I'm a huge fan of cozy mysteries but wow, this was just a complete miss for me. I'm still not sure if it was meant to be making fun of the genre or it really was just a really bad story.
Rory, a manager in a mega-petstore, comes to the town of Destiny to find out whether the superstition about bad luck from walking under ladders is true. Her boyfriend had walked under one and died shortly after. Yes, that is the premise. These type of mysteries are known for not having the deepest plots in literature but really? Whether or not you get bad luck from walking under a ladder is the premise? The town of Destiny makes it's living off being the superstition capital of the world. The tourist trade in people interested in superstitions is how all the town makes it's money. Every business in town centers around one superstition or another and it you are sick of the word "superstition" by now, you'll be pulling your hair out by the end of the book because it's used in almost every other sentence.
When Rory gets there she takes her dog Pluckie (the word "Pluckie" is another word that will have driven you out of your gourd by the end of the book)to a pet store which is full of, not surprisingly, superstition-based pet items.
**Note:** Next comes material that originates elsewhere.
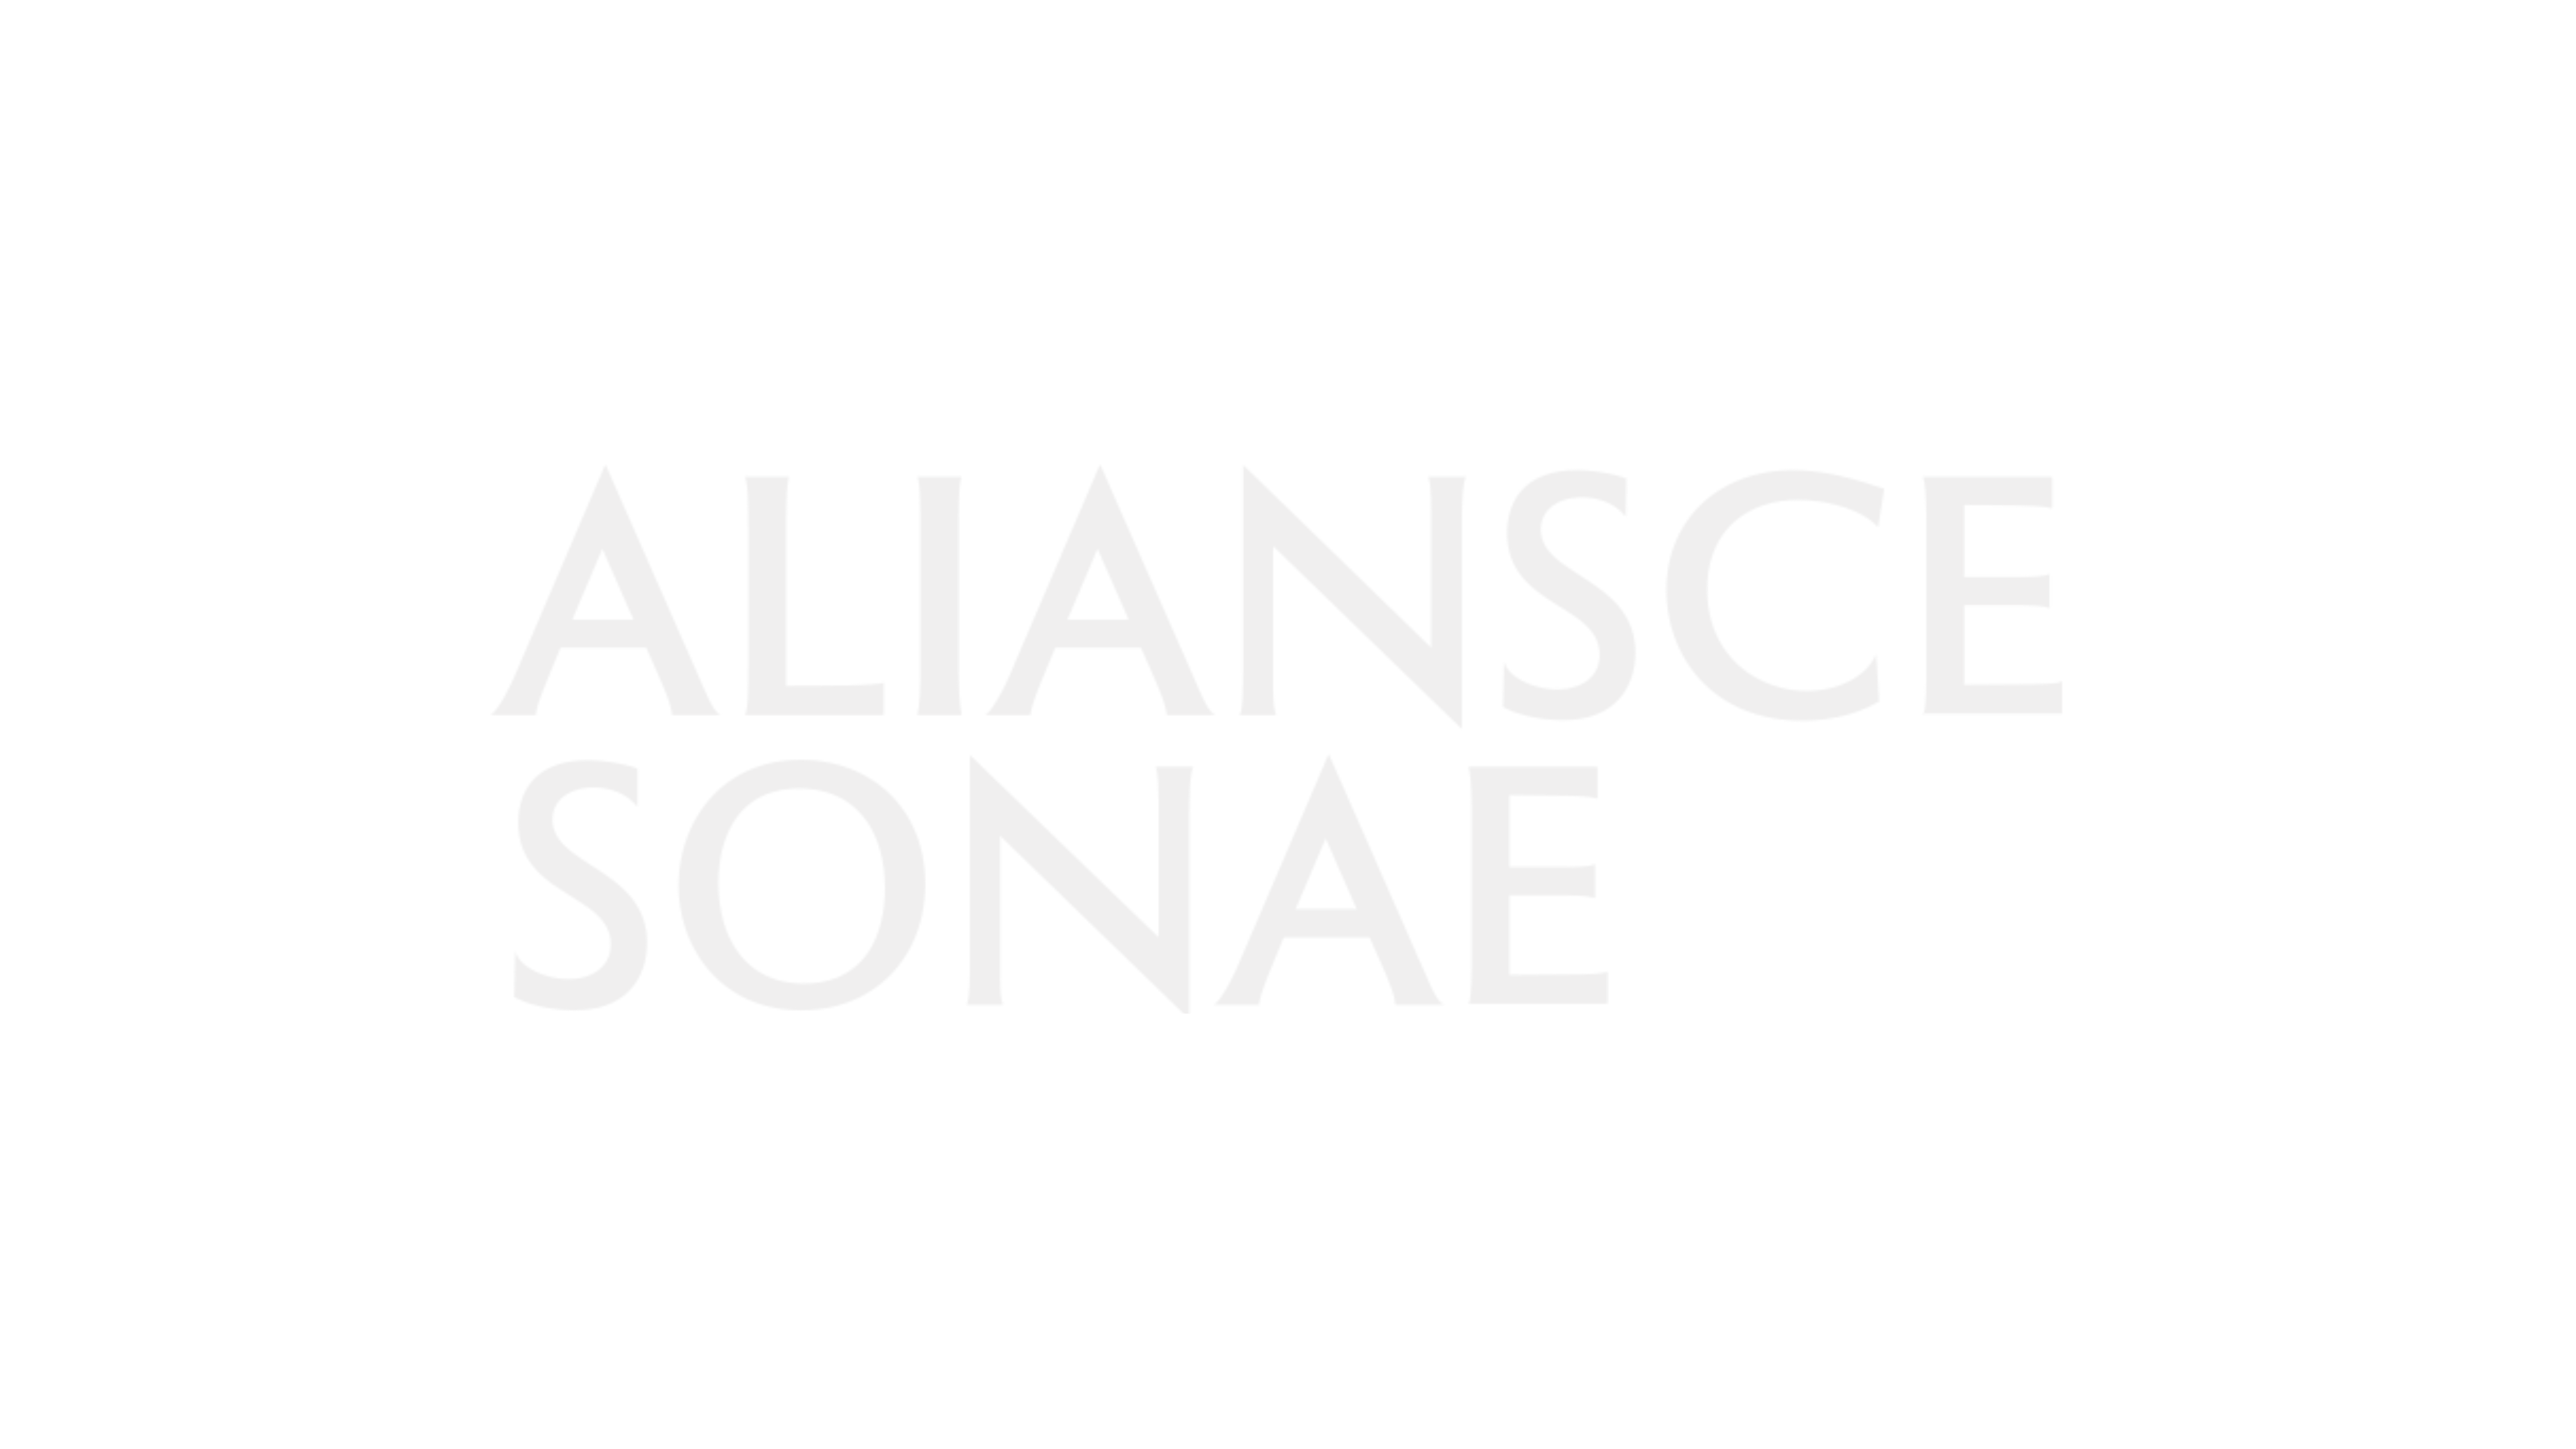 aliansce sonae

I bet you didn't know those existed. I sure didn't but I do now. But I digress. Rory and Pluckie find the owner of the store on the floor in the back room in some type of health emergency so they call an ambulance to get her to the hospital. From this point on, having done what any normal human would do, Rory and Pluckie are announced to be the luckiest things that ever walked the earth.
So now the owner of this pet store is in the hospital and asks Rory, an person she doesn't know from Adam, to manage her store for her while she's incapacitated. The next day there's a murder, Rory and Pluckie discover it, she does everything the police tell her not to, spends a lot of time mad at people when they've done nothing wrong, and discovers that pets are welcome everywhere in Destiny, even restaurants. Nothing about the plot makes sense to me. Why would you ask someone you've known 12 hours to take over your business, your sole livelihood? Why does everyone allow this absolute stranger to come into their town and act so arrogantly to them? Why does the public school system of Destiny teach superstition in their curriculum? These are the bigger mysteries to me than who killed whom. I seriously considered throwing my Kindle across the room several times and I love my Kindle. This story did not require suspension of disbelief. It required taking your brain out and leaving it on the table.
I received this book through Netgalley in return for an honest review.